The Bank of England finally confessed in November that the new notes do indeed contain traces of tallow, beef tallow to be exact (hence that awful pun in the title of this article). And whilst most people seem indifferent to (or are simply unaware of) this fact, it nevertheless constitutes a big problem for many Vegetarians and Vegans around the country, for obvious reasons. But even more interesting is the fact that these notes pose a rare difficulty for some religious groups. Hindus, for example, consider the cow to be a sacred creature, and so the literal harvesting of its insides for money isn’t something that a lot of them can overlook.

Since the news of the ‘blood money’ broke, there has been a range of reactions, from silently abstaining from touching the notes to online petitions and even banning others from using them.

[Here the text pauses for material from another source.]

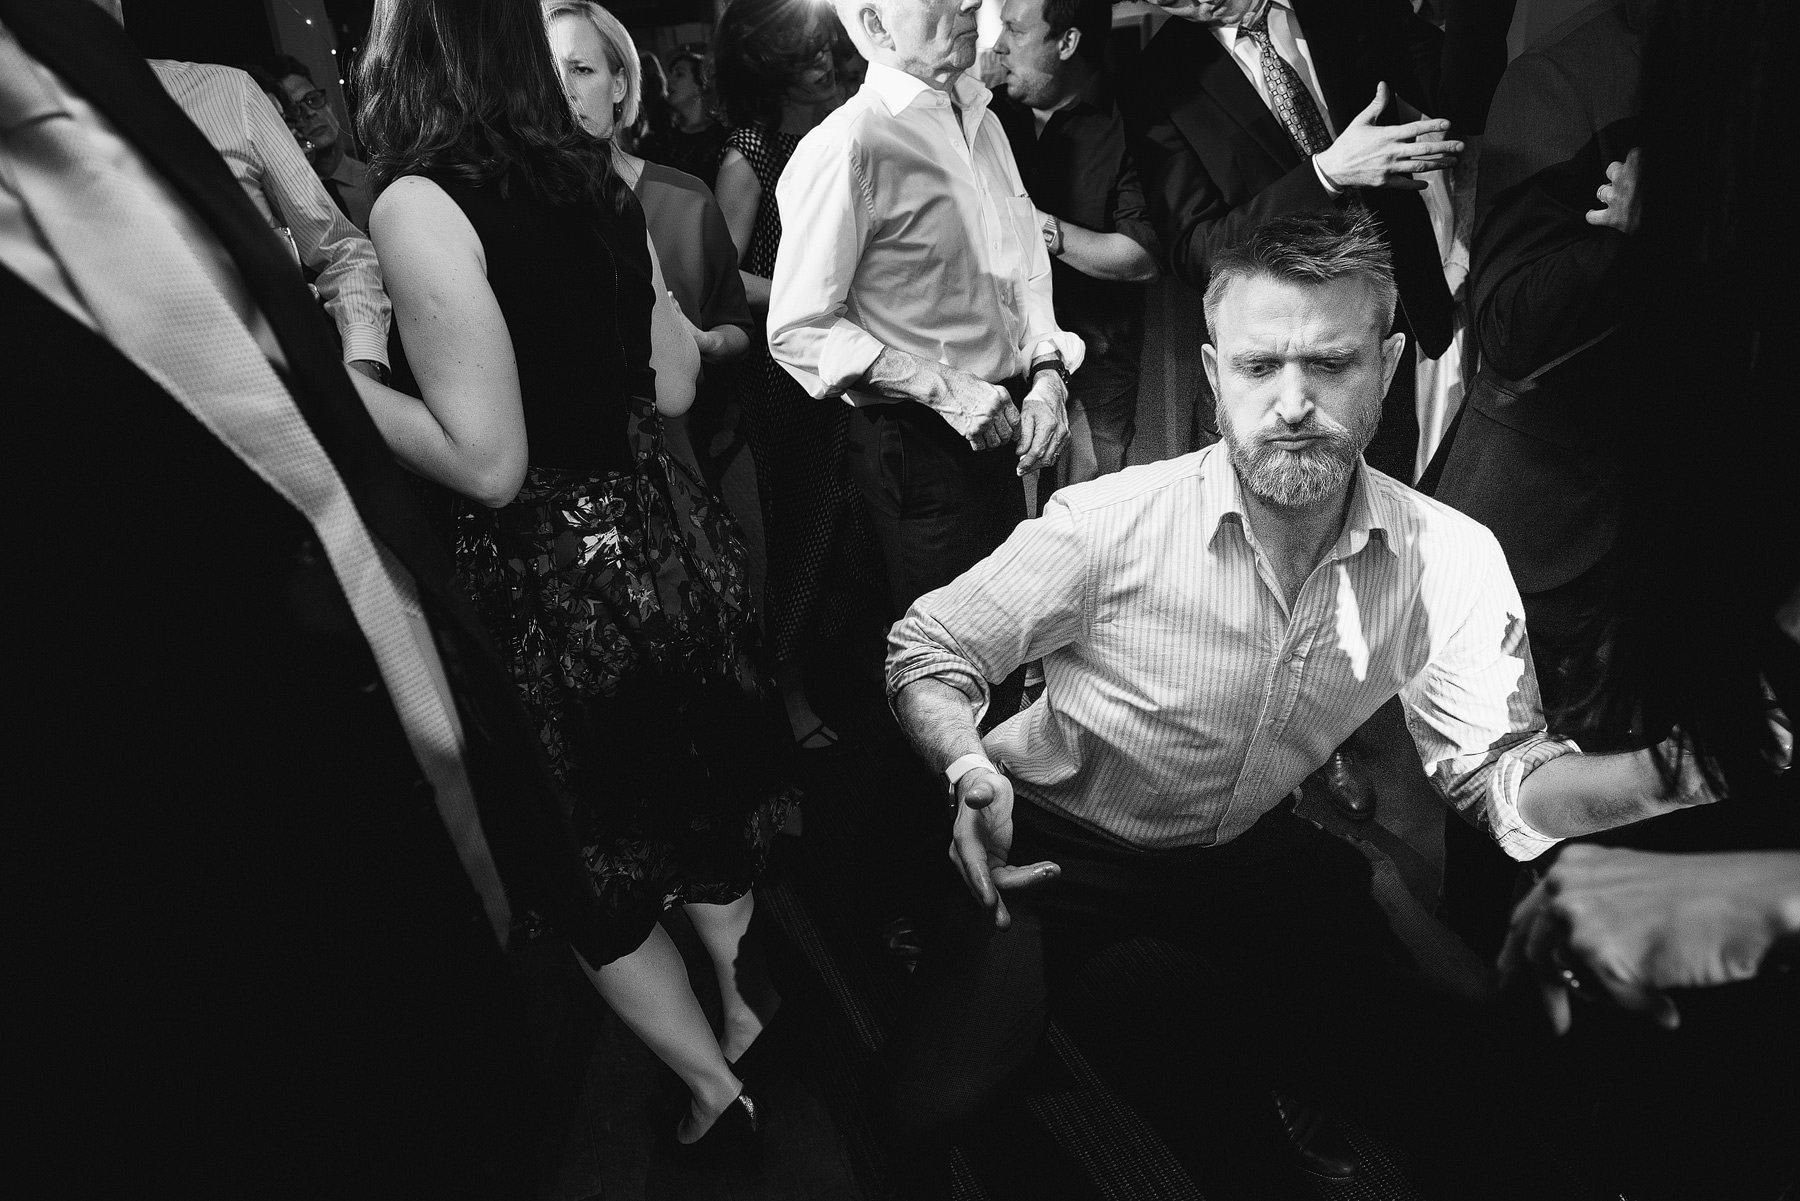 wedding guest funky dancing

A well-known vegetarian restaurant in Cambridge, Rainbow café, gained mixed reviews when it decided not to allow its customers to pay using the plastic £5 note. And whilst many of its loyal customers saw this as a reasonable response, others thought it was simply ridiculous- ‘What if a fiver is all I have? What happens then? Or do I need to have planned in advance anytime I want an impromptu snack’. Even bigger than this one café is the online petition requesting that the Bank of England ‘Remove Tallow from bank notes’. This petition currently has over 130,000 signatures and was officially delivered to the Bank on 6th December 2016. Since then, the Bank has tweeted that it is taking the issue very seriously and the online petition continues to gain signatures.

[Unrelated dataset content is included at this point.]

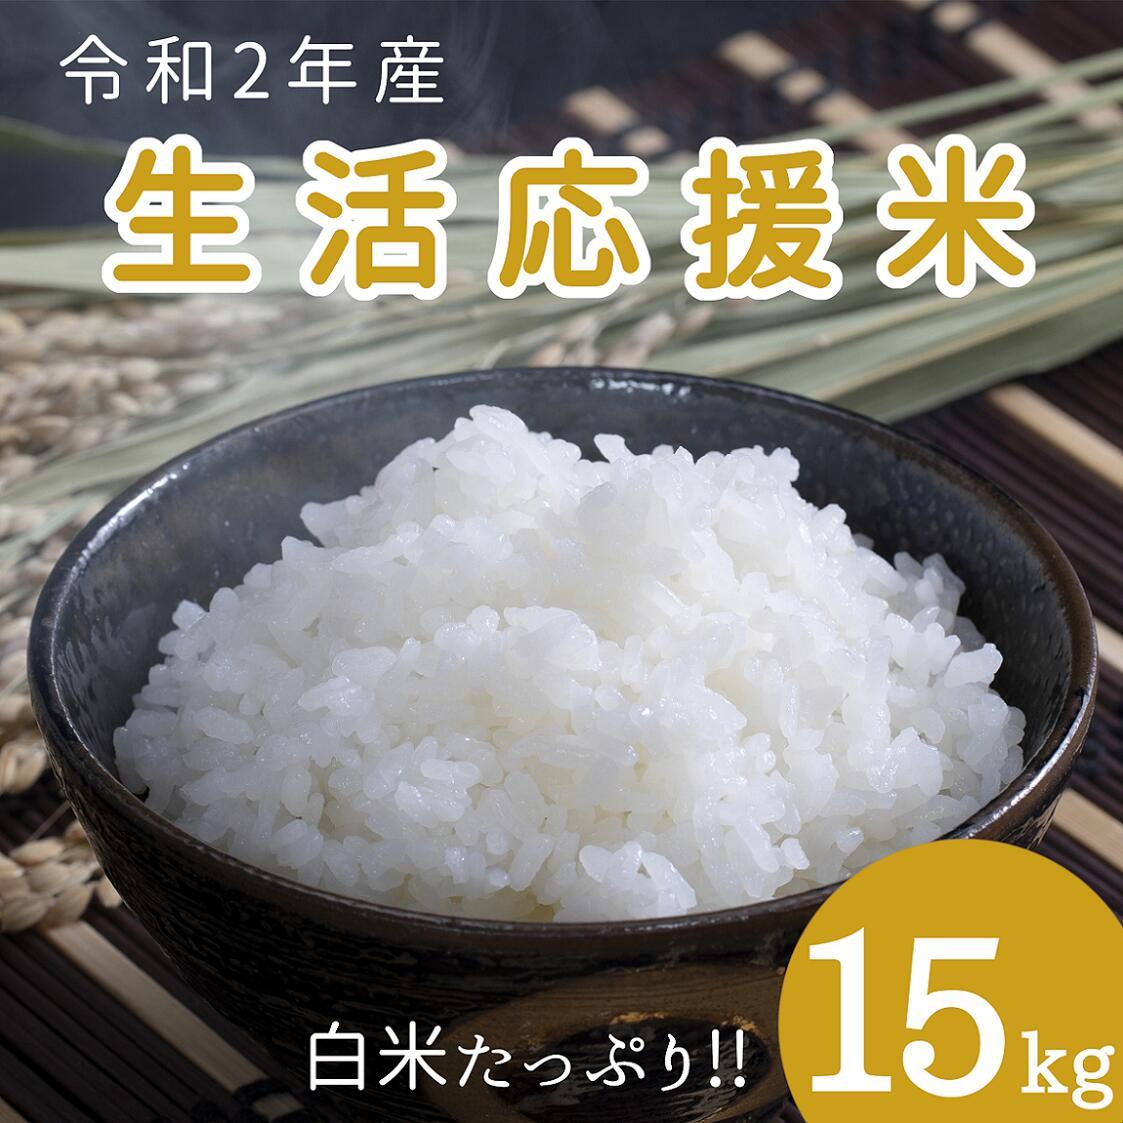 お米コスパ10位:晴れの国のお米を皆様に!生活応援米15kg

Seeing as I’m not Hindu and I have no interest in becoming a vegetarian the only way I can relate to this issue is the fact that my country started using polymer notes long before the UK did, and quite frankly no one had a problem with it. These ‘Plastics’ are believed to have originated in Australia in the 80s and are now being used in Canada, Vietnam, Nigeria and a variety of other nations, because of their many advantages. You’ll never have to worry about accidently ripping a note, or forgetting money in pocket of your skinny jeans the day before laundry day, ever again. An alternative would be to use vegetable-based tallow from coconut or palm oil, but this is more expensive than animal-based tallow and so probably isn’t going to be high up on the government’s list of alternatives. Either way, this polymer money has been referred to as the future of modern currency. Then again, if this future involves the continuance of animal cruelty is it really worth it? Possibly.